Posters & Packaging: Gregory Jacobsen

The work of Gregory Jacobsen depicts a slaughter. His work reveals the primal and wondrous parts of us, the parts just beneath the surface of our social mores fighting with our basest desires. These paintings lure as they terrify, inciting a reluctant humor.
 

Gregory Jacobsen: Oozing Embankment
"Oozing Embankment" (oil on panel, 10 3/4" x 13 3/4", 2009)

Many of his paintings are still-life oil paintings gone mad. In “Oozing Embankment,” from 2009, it is as if there was once a less subversive still-life there, the fruits representing anticipated consumption. But tradition has been turned inside out, upside down, and left to show us what is really there: color, decay, and a natural, oozing beauty.

Jacobsen’s paintings and performances conjure conflicted feelings of terrorized fascination, a beauty in decay and gore, the truth of human existence. These moments originate from the underbelly of desire, terror, instincts for consumption, and compulsions toward what is odd and beautiful.

Jacobsen grew up in Middlesex, New Jersey. “A very strange place with an inferiority complex,” he says. “It’s New York’s little neighbor with fading mobster guys who are really always shit on and are considered second tier.” He says that New Jersey influences him; its inferiority complex causes him to look inward to evaluate himself, his body, and then outward to reveal similar truths about others.

There is a thread throughout his paintings and performances that turns the body inside out. In Jacobsen’s work, we see the insides of things, and sometimes they are familiar and beautiful — sometimes they just simply evoke disgust. “I have had a lifelong fascination with the failure of my body,” he says. “Shit that comes out of my body — changes of my body — has always been fascinating to me and slightly horrifying.”

And almost always, food is involved.

In “Triumphant Aeronautics,” a figure is in the throes of something wholly indiscernible, but the action implies orgasmic pleasure in consumption and excretion.

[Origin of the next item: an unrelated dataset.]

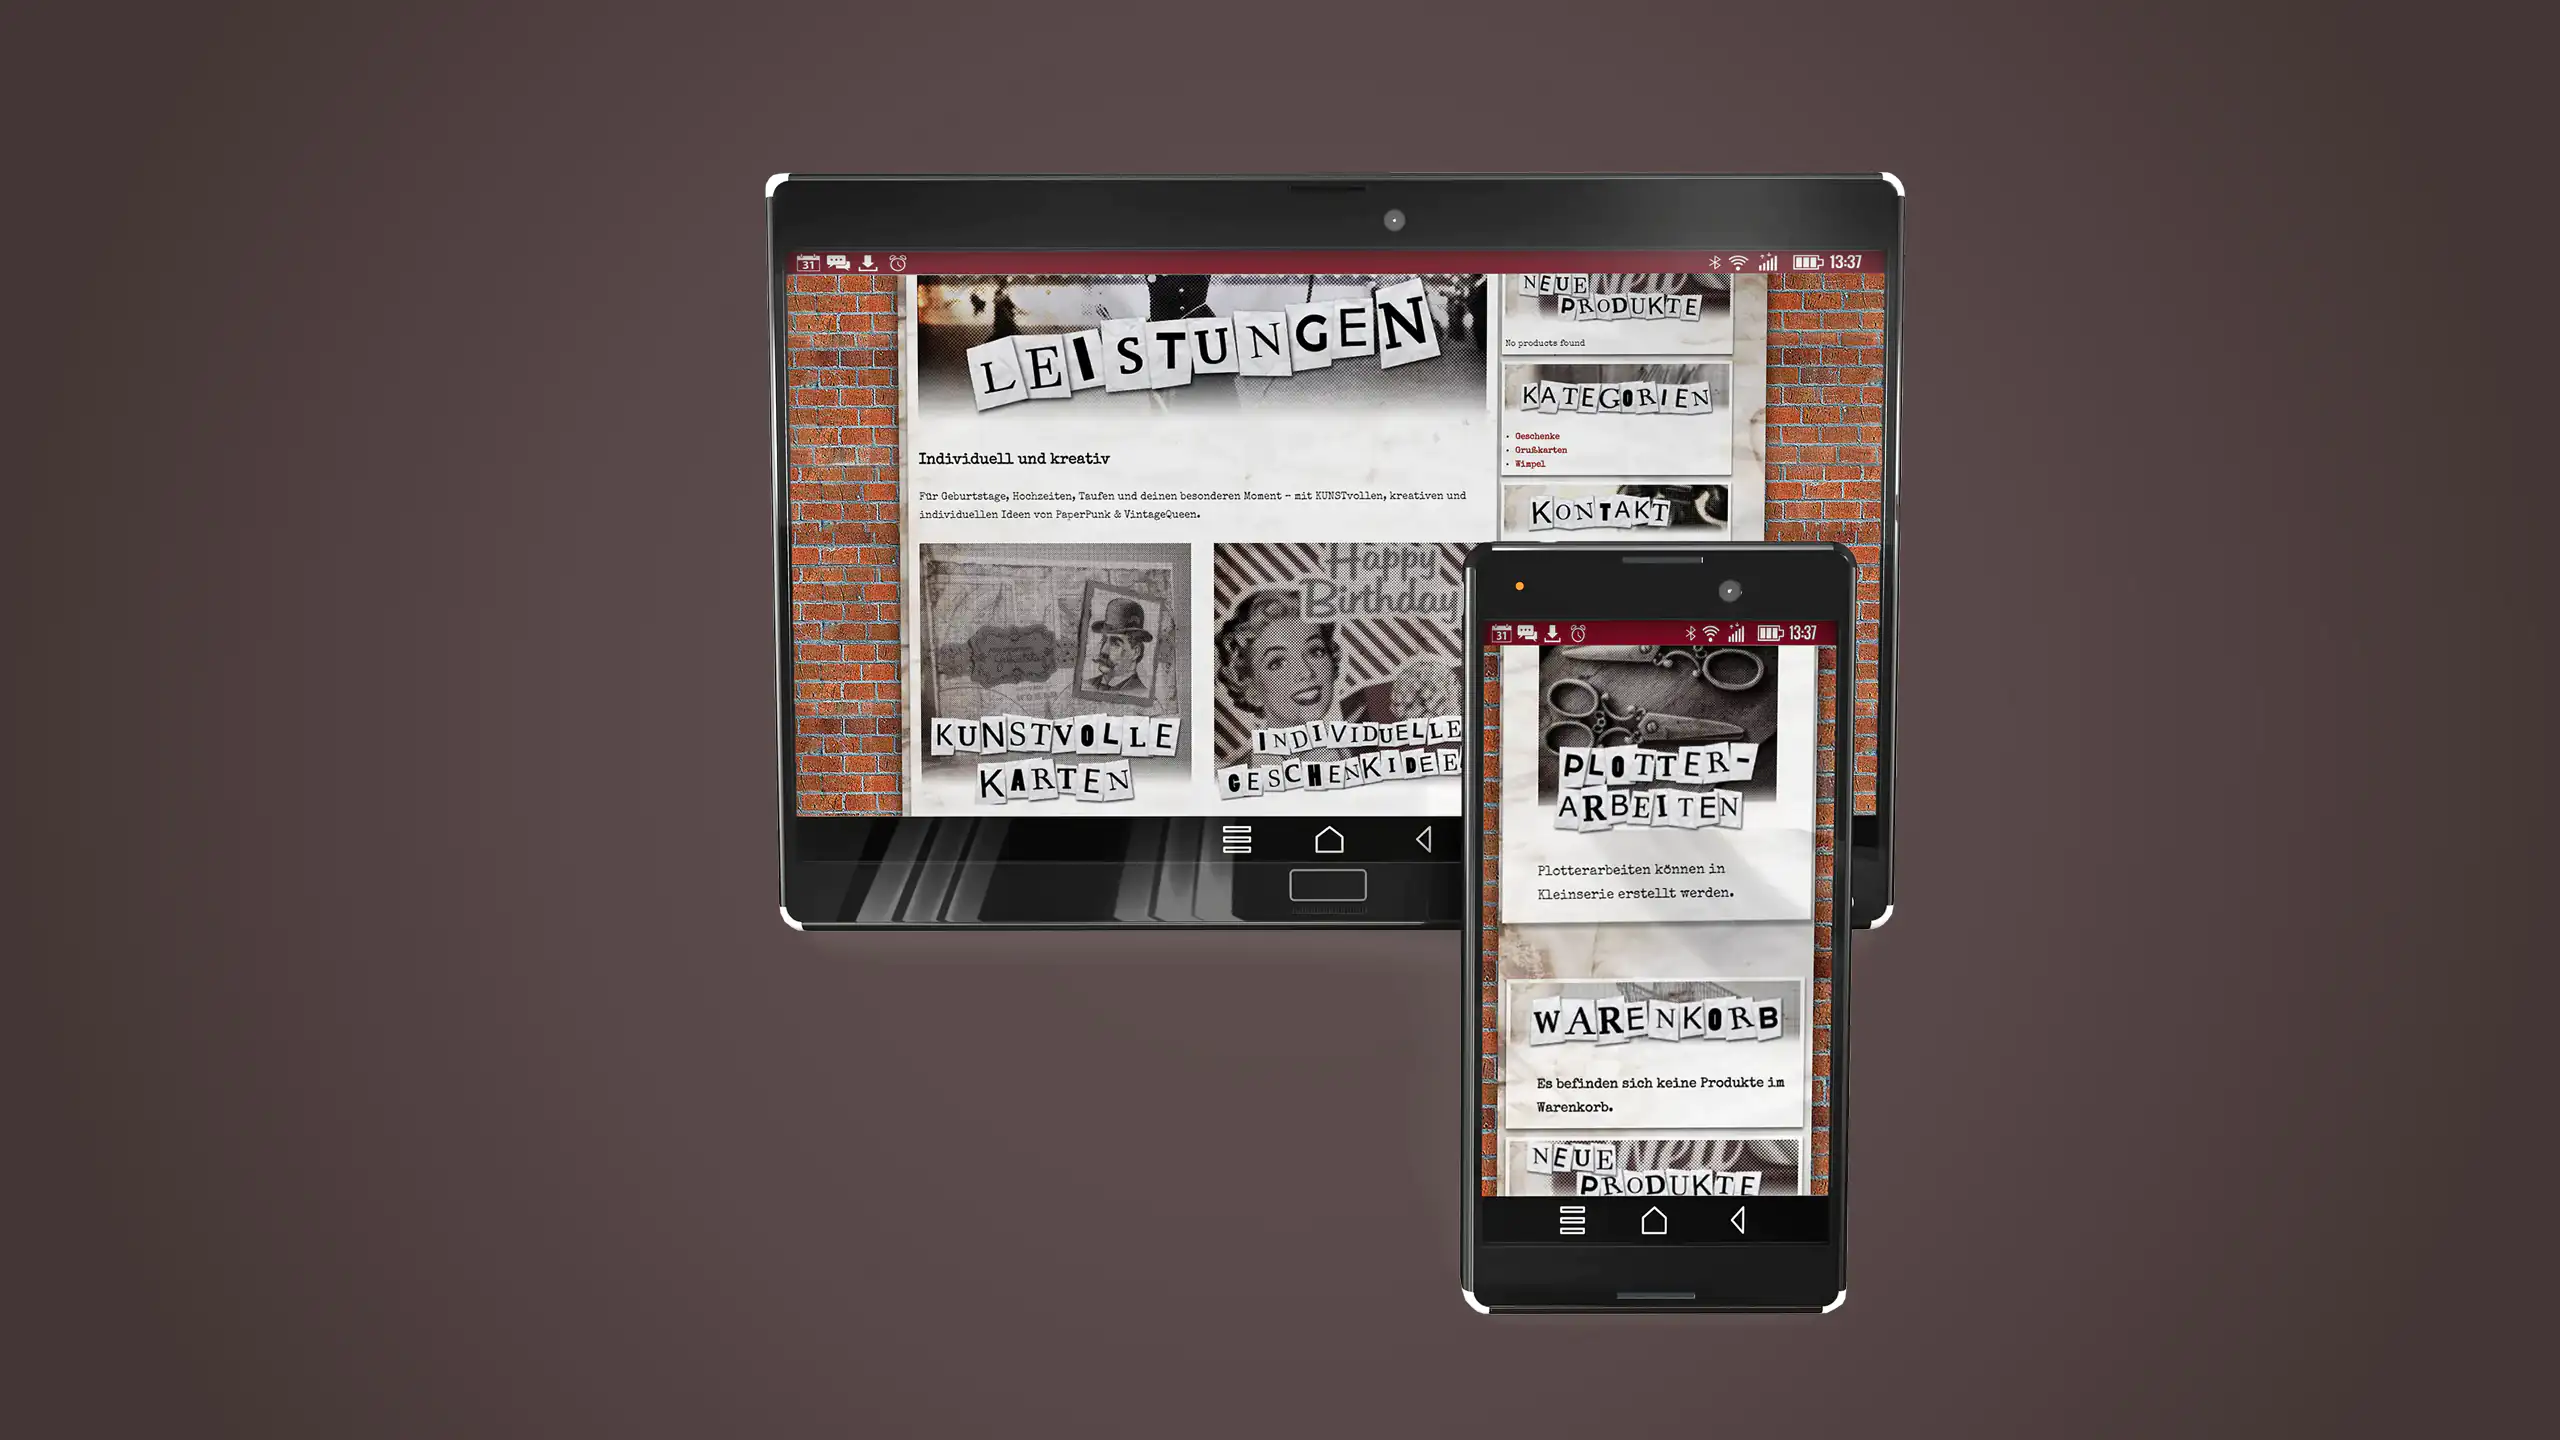 3D-Mockup eines Tablets sowie eines Smartphones, auf dem die Seite Paper Punk & Vintage Queen zu sehen ist, das Ganze ist au dunkelbraunem Hintergrund

The figure may be on a stage or a table; both send the message of the primal inability to contain oneself. It shows violence right alongside uneasy, slapstick, melancholy humor.
 

Gregory Jacobsen: Triumphant Aeronautics
"Triumphant Aeronautics" (oil on panel, 16" x 36", 2010)

Over quickly cooling coffee, Jacobsen goes on to discuss his paintings, as well as his Paul McCarthy-esque performances that play with notions of the body. He has not performed for a couple of years, in part because of the time and money his theatrical shows and music require.

The use of food in these performances signals the consumption and allure of the body. And, although one may see the influence of McCarthy, Jacobsen’s performances are very much individual to him. They are creations that only an an intense individual like Jacobsen could summon, peppered with free associations that are part psychological, historical, and anthropological, and definitely filled with an attractive set of emotions.

There is Otto Dix in Jacobsen’s raw play with the body, forcing its form to contort and challenge the viewer. Neo Rauch is there in the sarcastic, apocalyptic mood; whether it mourns for or laughs at the decay around all of us, one cannot be certain.

“I’ve been trying to paint like Lucien Freud, but that’s impossible,” Jacobsen says. “Though it has taught me a lot about mask, and trying to do that has brought me to another place.  Some unconscious influences would be Jim Nutt, Otto Dix, and Barnaby Whitfield. And when I go in these directions, I am like, ‘Shit, this looks like a Barnaby Whitfield,’ or, ‘Shit, this looks like an Otto Dix.’”
 

Gregory Jacobsen: Lady Bird
"Lady Bird" (15 ¾” x 11 ¾” acrylic on panel, 2007)

His earlier work, though lush with foodstuffs and feedbags, is more traditional, and not filled with Freud’s shininess and masking. “Lady Bird” looks as if it is a strange and lovely abbreviation of Botticelli’s “Birth of Venus.” In Jacobsen’s work, the worship is not for Venus, but the carnal voracity that both the subject and its surrounding environment display.

Jacobsen says that his process involves free association, but that it is not the product of linearity or narrative. He explains, “Maybe a figurative painting would progress where I have an expression on a character, and that informs the posture and the body. Sometimes I will throw another figure in there, and then I will take out the other figure.” In addition to this, he has begun to sketch again, and he believes that it has helped his process become less arduous, especially with a deadline looming.

Jacobsen has been invited to have a solo show in Berlin at the Bongoût Gallery in April. “They started out doing silkscreens for rock concerts and art in France,” he says, “and then they started making a quarterly book of more transgressive European artists and some American artists — figurative work that is dealing with the body.”  Jacobsen is included in one of these monographs.

There is modest excitement in him when he talks about the show, but also nervousness. With the deadline comes fear. After a yawn and a sigh, he says, “Then I have to make my way to Germany, which is very scary for me.” He admitted to a fear of flying that is rooted in anticipation. It’s a reticence that dissipates once he’s in the clouds, as if the murkiness of the sky is more comforting than the world on the ground.